Nearly 20 years later, there is still no album like it. So many of the songs on It’s Dark and Hell Is Hot document violent crimes and the flood of emotions they induce. They move swiftly, jerking around corners and through alleyways, simulating a rising heart rate and a racing mind. His peers were shooting stills, but X was dealing in savage action sequences (“ATF”) and the shadows they cast (“Let Me Fly,” “X-Is Coming”). Everything about the music—from the harshness of his voice, to the murkiness of his beats, to the bruising nature of his flows—was in service of a supreme hardness. In ‘98, the biggest MCs on the New York scene were narrators using radically different sounds to tell their stories. Busta erupted with pure energy. Big Pun enchanted with an effortless fluidity. As Wu-Tang swarmed, Tribe was in the midst of their love movement. Black Star were a conscious voice for hood theorists. Jay Z brought business acumen to the drug trade. All were reporting live, sharing their powerful perspectives from different city blocks.
But DMX wasn’t a rapper in the trenches; he was a messiah in the gutter, painting a portrait of a community laid desolate by corruption, and the sociopaths its conditions were breeding.
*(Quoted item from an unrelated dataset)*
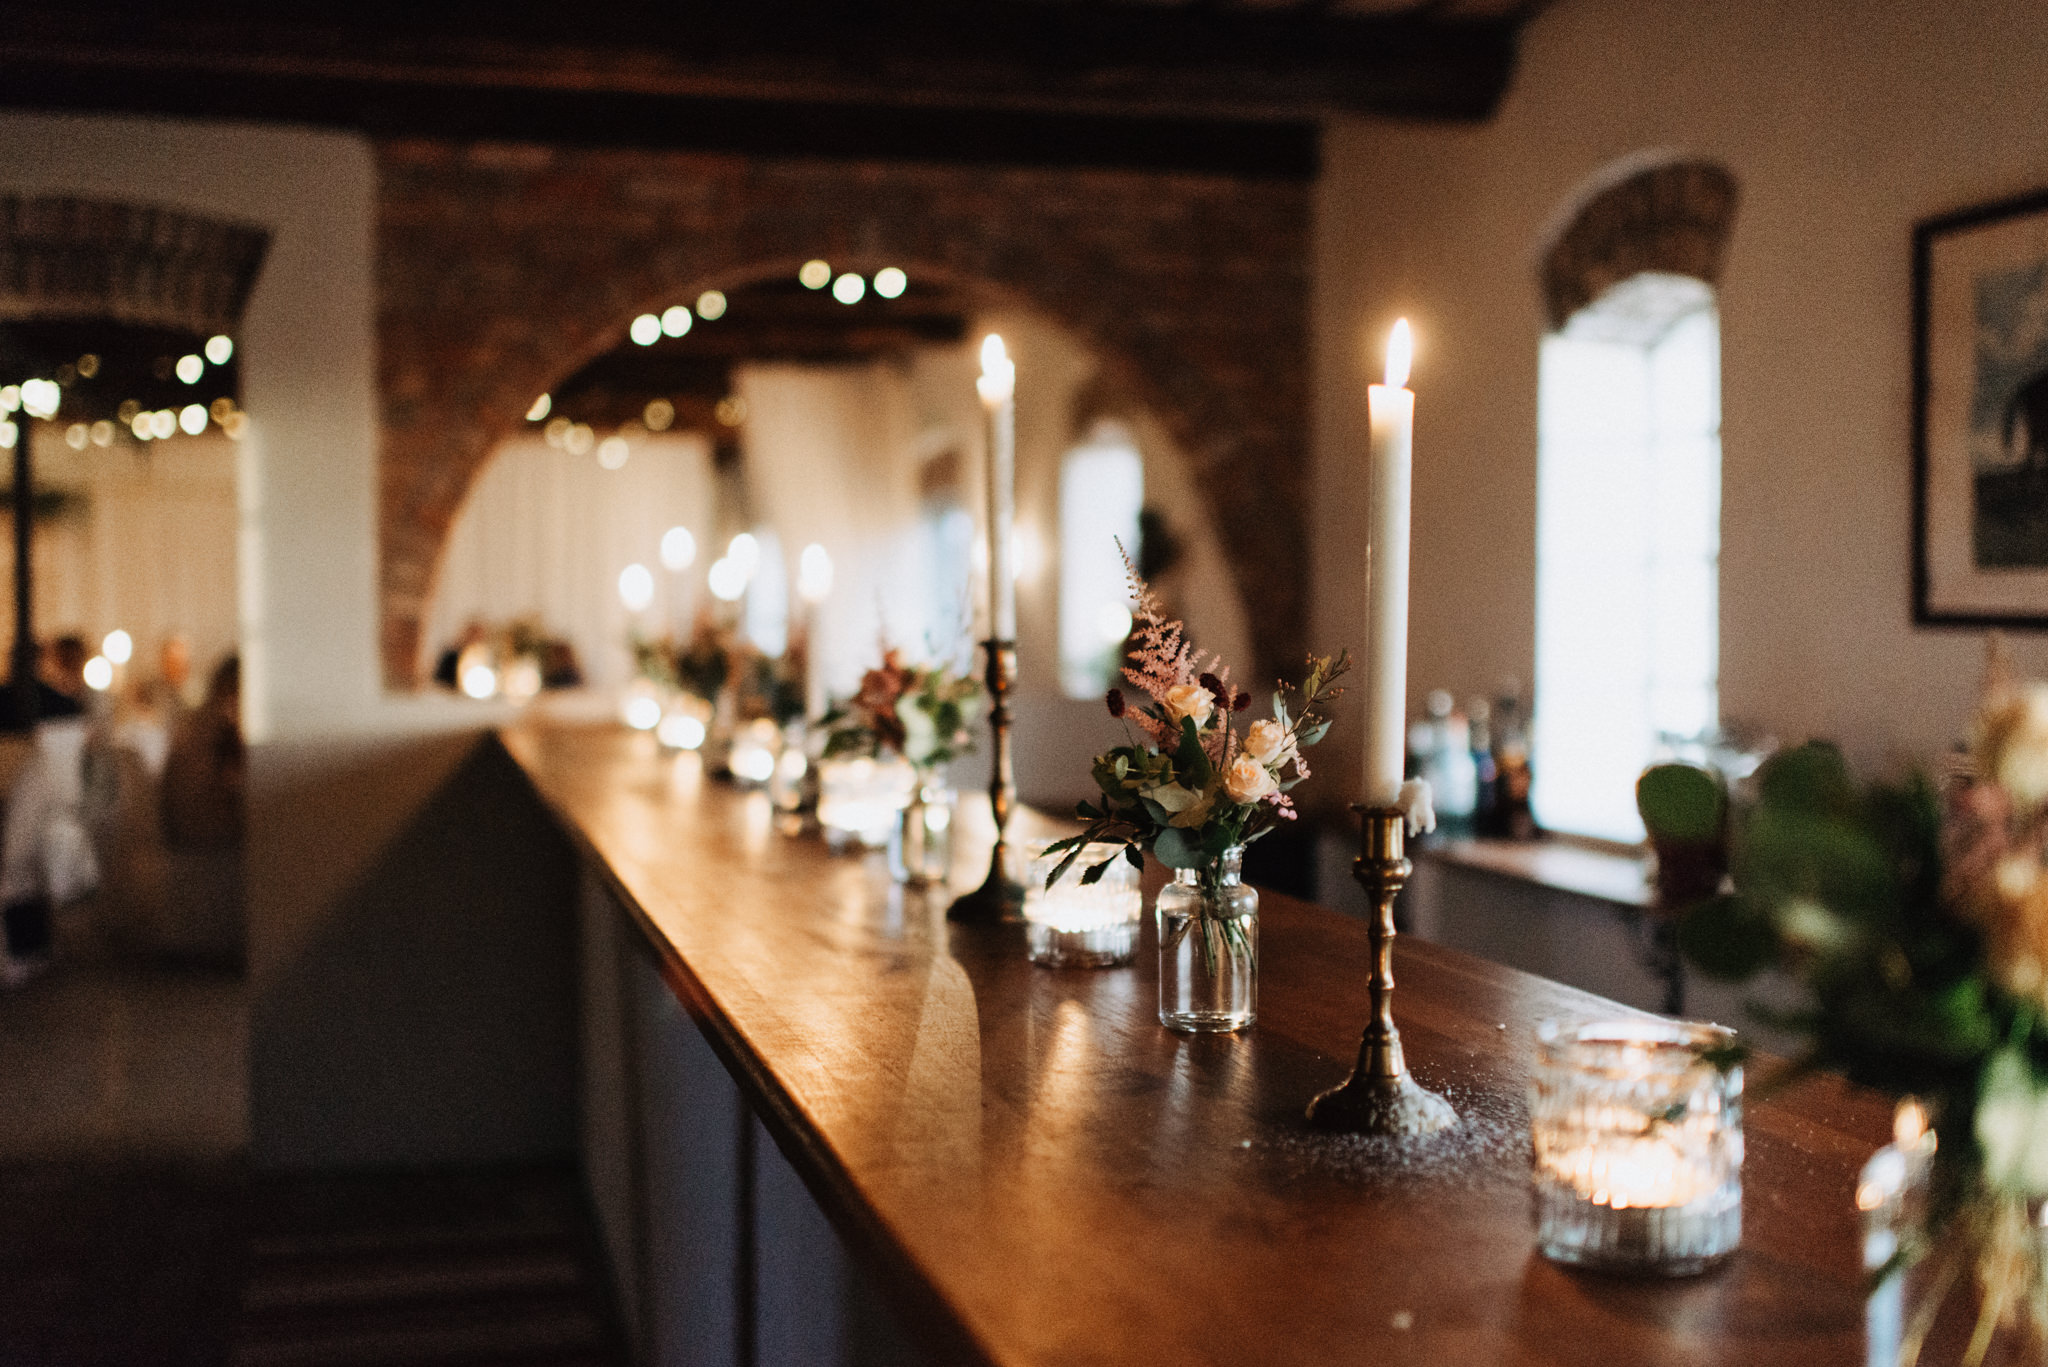 bohemiskt-bröllop-på-nygård-event-i-åstorp-bröllopsfotograf-skåne-190.jpg
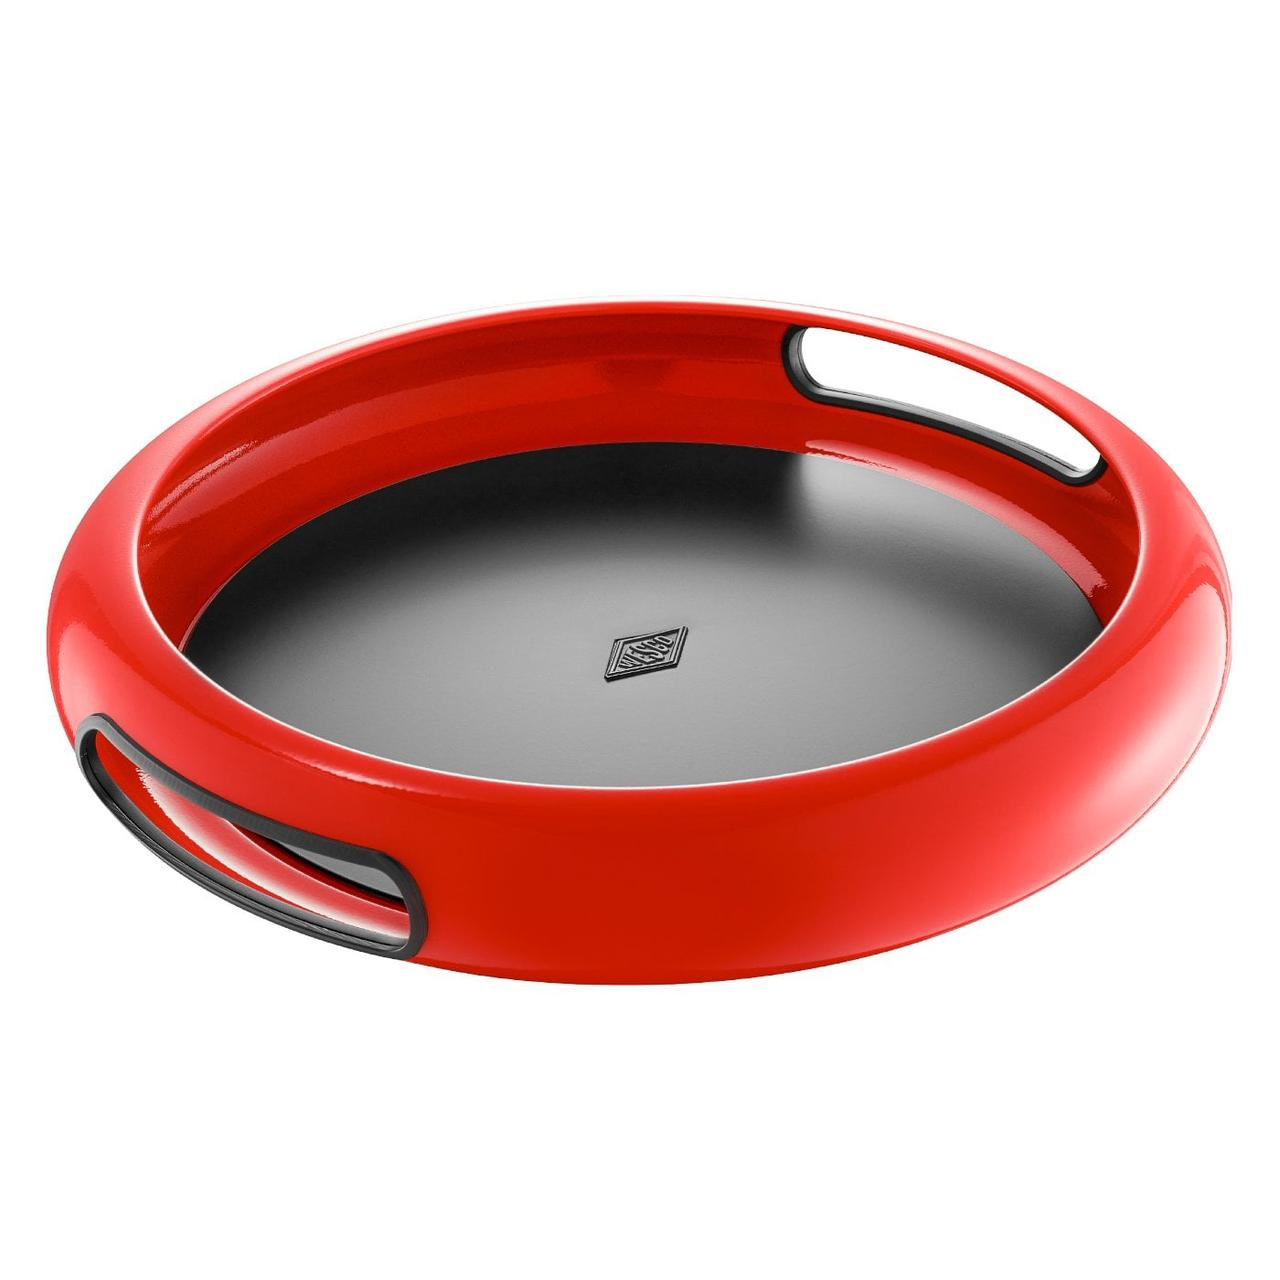 Поднос Wesco Spasy Tray красный 322101-02

He was the voice of the street corners and the graveyards, telling stories of the lost and the damned. From on high, he demanded empathy for man, who were cold to murder and unapologetic for their crimes because he knew it’s hard to be good in a world this broken. “There’s a difference between doing wrong and being wrong, and that ain’t right,” he says on “Let Me Fly.” He breaks the moral compass, then drags you into the abyss.